Clarifying Some Issues for Climate Change

OnTheOutside
3 min readNov 3, 2023

It bothers me how much confusion there still is about what it takes to fight climate change. A recent article in Bloomberg was a case in point. They rank new EV’s by “greenness”. I’m not going to talk about the details of what they call green, but the problem is that the whole idea is wrong. All EV’s are green in the only way that matters, and a ranking by “greenness” just confuses the issue.

I’ll try to be organized about this. First of all, the primary change that has to take place is the replacement of fossil fuels by sustainable sources of power. In practice that comes down to moving everything to the electric grid, with a beefing up of that grid to handle the greatly increased demand and with sustainable sources.

The timescale for this transformation is dictated by a carbon budget-there is only so much more carbon dioxide we can put into the atmosphere before the consequences become catastrophic. All that carbon dioxide just adds up, and the results continue to get (exponentially) worse. To succeed we have to stop burning fossil fuels before we hit the carbon budget limit. That process has three parts:

  1. Make the electric grid what it has to be: sustainably generated with much more capacity and much better connectivity.
  2. Move all applications to the electrical network. (Note that hydrogen apps fit here since most of the hydrogen will be electrically-generated.)
  3. Cut down on usage for all of the remaining fossil fuel applications.

The first thing to note is that most conservation efforts fit under item #3, so it’s worth stating unequivocally that conservation by itself is not the solution to climate change. It’s only a piece of what has to happen, and the rest is most of the problem. And conservation for EV’s doesn’t fit here at all. Item #1 has to happen for all energy uses, so “greenness” of particular car models is an insignificant blip on a much bigger issue. Finally, it should be obvious that despite what the oil companies tell you, climate change is not primarily a matter of everyone’s personal responsibility: governments have to take large-scale action.
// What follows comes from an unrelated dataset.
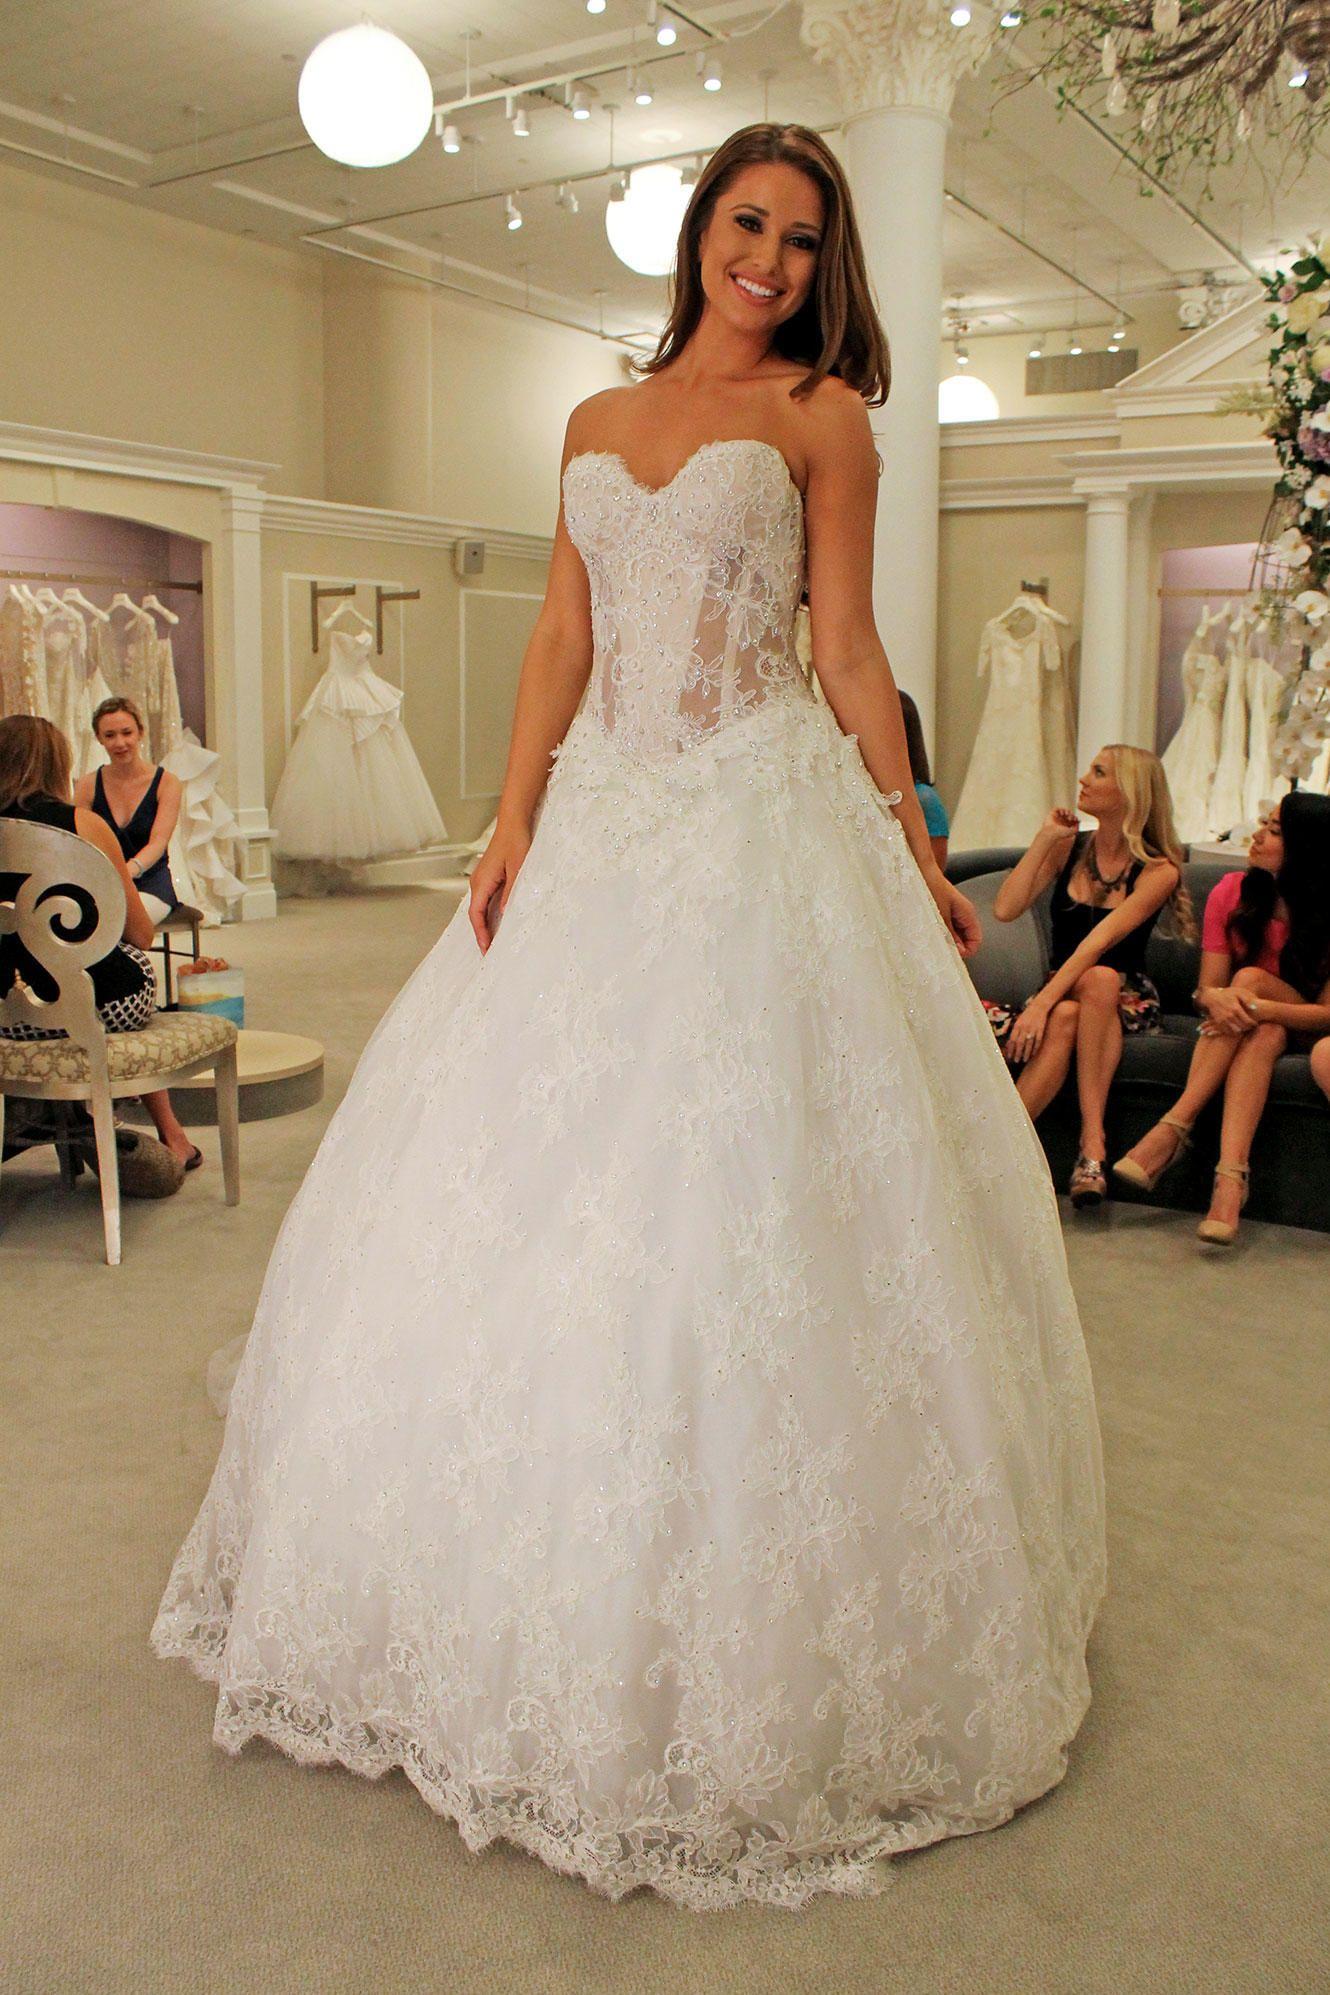 Season 14 Featured Dress Pnina Tornai Hoop Skirt Drop Waist See Through Corset 15500: See Through Country Wedding Dresses At Reisefeber.org

It’s worth saying a little more about items 1 and 2. There is quite a lot of #1 that can start now: improving and expanding the capabilities of the network as well as deployments of solar and wind power. There are of course limitations to what we can currently get done. The biggest current issue is in-network energy storage, to handle periods where there isn’t sun or wind. However, this is an area of such active work that one can expect big improvements in the next few years. For that reason it’s fair to regard item #1 as mostly a matter of money and commitment. (That’s not to say there can’t be big contributions from new technologies — such as fusion — as they become available.)

Item #2 is harder. This involves not just familiar issues such as heat pumps but also industrial processes, such as for steel, cement, and plastics. For these there is still research to be done before we can talk about worldwide deployments. Overall this is an area with many different application-specific issues and deployment scenarios, so lots of work has to be organized and done in parallel. Again this goes way beyond individual responsibilities. Note that EV’s fit under item #2-changing to an EV is a contribution regardless of whether your electric utility has done its work yet or not.

Finally there is the international aspect to the whole problem. It’s amazing how much of the discussion of climate change is about us doing our part-as if our atmosphere were somehow detached from everyone else’s. This really needs to sink in: there is only one atmosphere, and we will only succeed if everyone else succeeds too. Helping poorer countries to cope is not a matter of charity; it’s a matter of our own survival. Obviously there are going to be negotiations over whose money gets spent on what, but rich countries are going to have to do what it takes for poor countries to redo their infrastructures. Like it or not we are going to have to help with technology development and deployments worldwide.